As soon as I start my pivot toward the foul line, it’s as if everything goes into fast-forward. I’m so hyped up and overanxious that I go into the duck-under unnaturally fast. It probably looks more like I took a hot poker in the ass than pivoting for a smooth fadeaway in the lane.

Had my brain not intervened, it would have worked beautifully. Trevor does bite on the fake, just as I imagined, but because I jerk through the move so fast, he doesn’t fully commit to going up to swat my shot. So instead of flying past me, he only half jumps, trying to stay on his feet in position between me and the basket. He’s off-balance, and it’s enough for me to get by him with my power dribble. But as I start going up for the layup (power layup, mind you), my inside foot catches Lighty’s, and I sprawl forward, landing nuts-first on the ball before rolling onto my face out of bounds.

Not what I pictured.

I immediately hop back to my feet and bounce the ball to Coach before he can blow his whistle, as though everything is fine and that didn’t hurt at all and I am more than ready to shake it off and play some serious lockdown defense.

But I can’t breathe as I jog back down to the other end of the court, hunched over like Quasimodo.

“Dude, you all right?” DeAndre asks. “That looked like it hurt.”

I nod and give a thumbs-up without looking at him, trying to get a few deep breaths in without puking before play resumes.

Trip looks at me and laughs—the sign of a true friend. “Don’t worry, Matt, I’m sure the trainers will find your balls in there somewhere.” Then he turns and yells, “All right, D it up!” as Leppo brings the ball up the floor.
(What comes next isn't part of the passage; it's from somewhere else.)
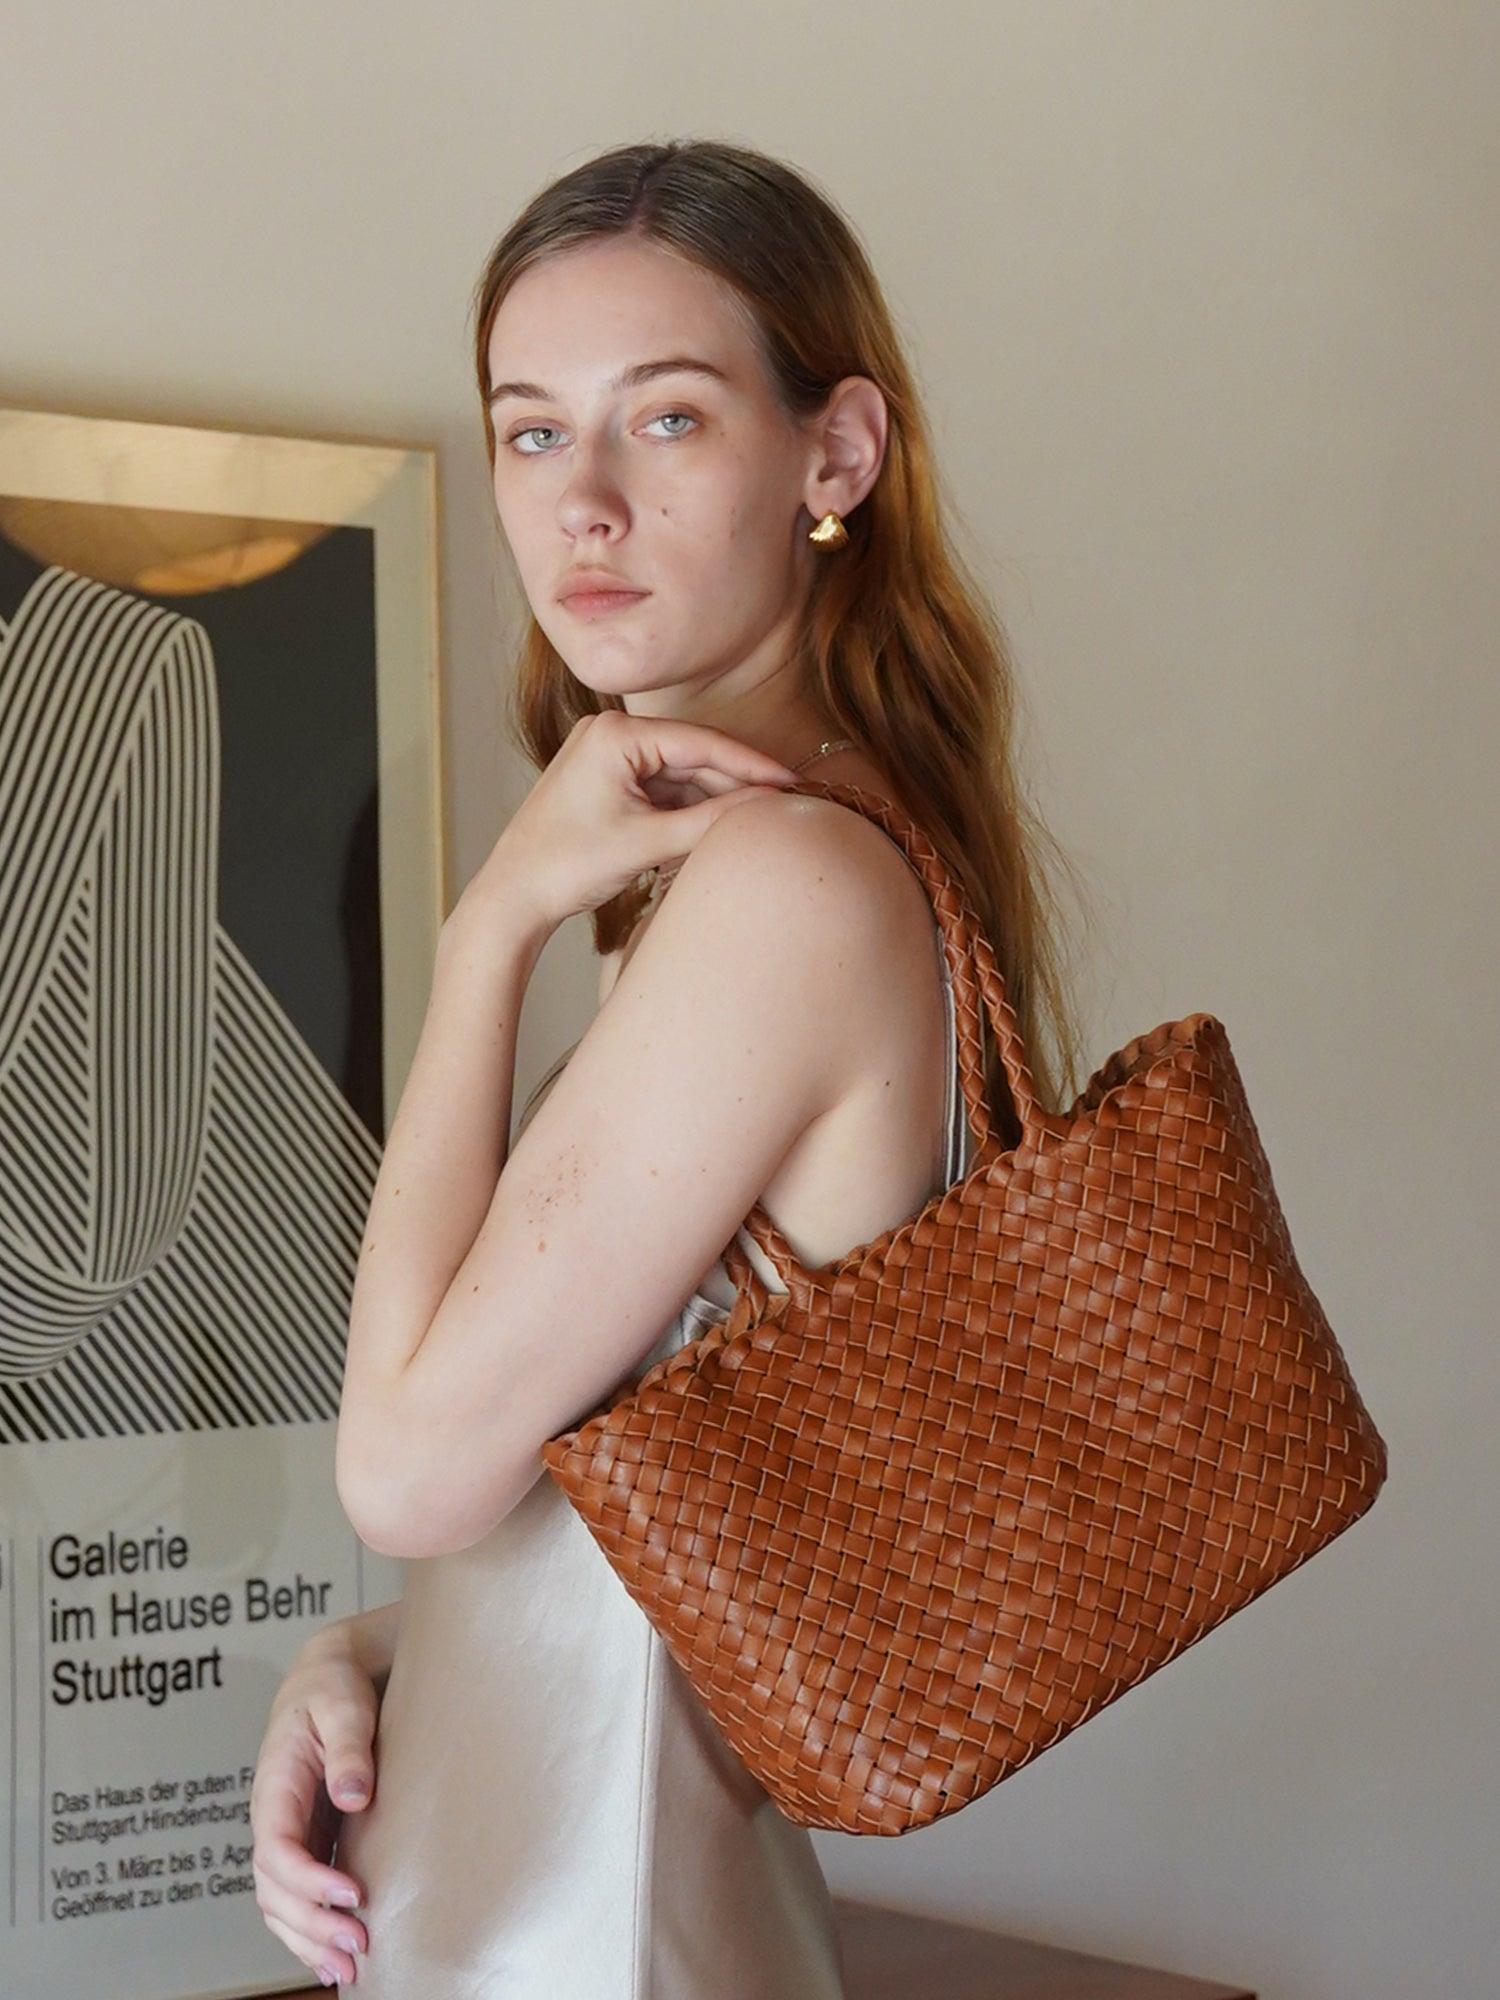 Woven leather bag, handmade full grain leather bag, Minimalist women's Bag, Handbag, Soft Leather Tote, Daily Bag, Gift for Her - Alexel Crafts

When Lighty makes it back down the court, he says, “I told you, none of that weak shit.”

Luckily, that is the last possession of the scrimmage, and I somehow make it through the last ten minutes of suicides without blacking out.

On the way back to the locker room, Coach Langley stops me and says, “Matt, that was a good move in the post. When you get stronger and can finish it, that’s gonna be a really effective move. Keep working.” He slaps me on the butt and turns back to the other coaches.

Okay. So, the take-home message: awesome move, and you’re weak like a little kid. I’ve never felt so shitty after a compliment before.

Well done, brain. Well done. You win again.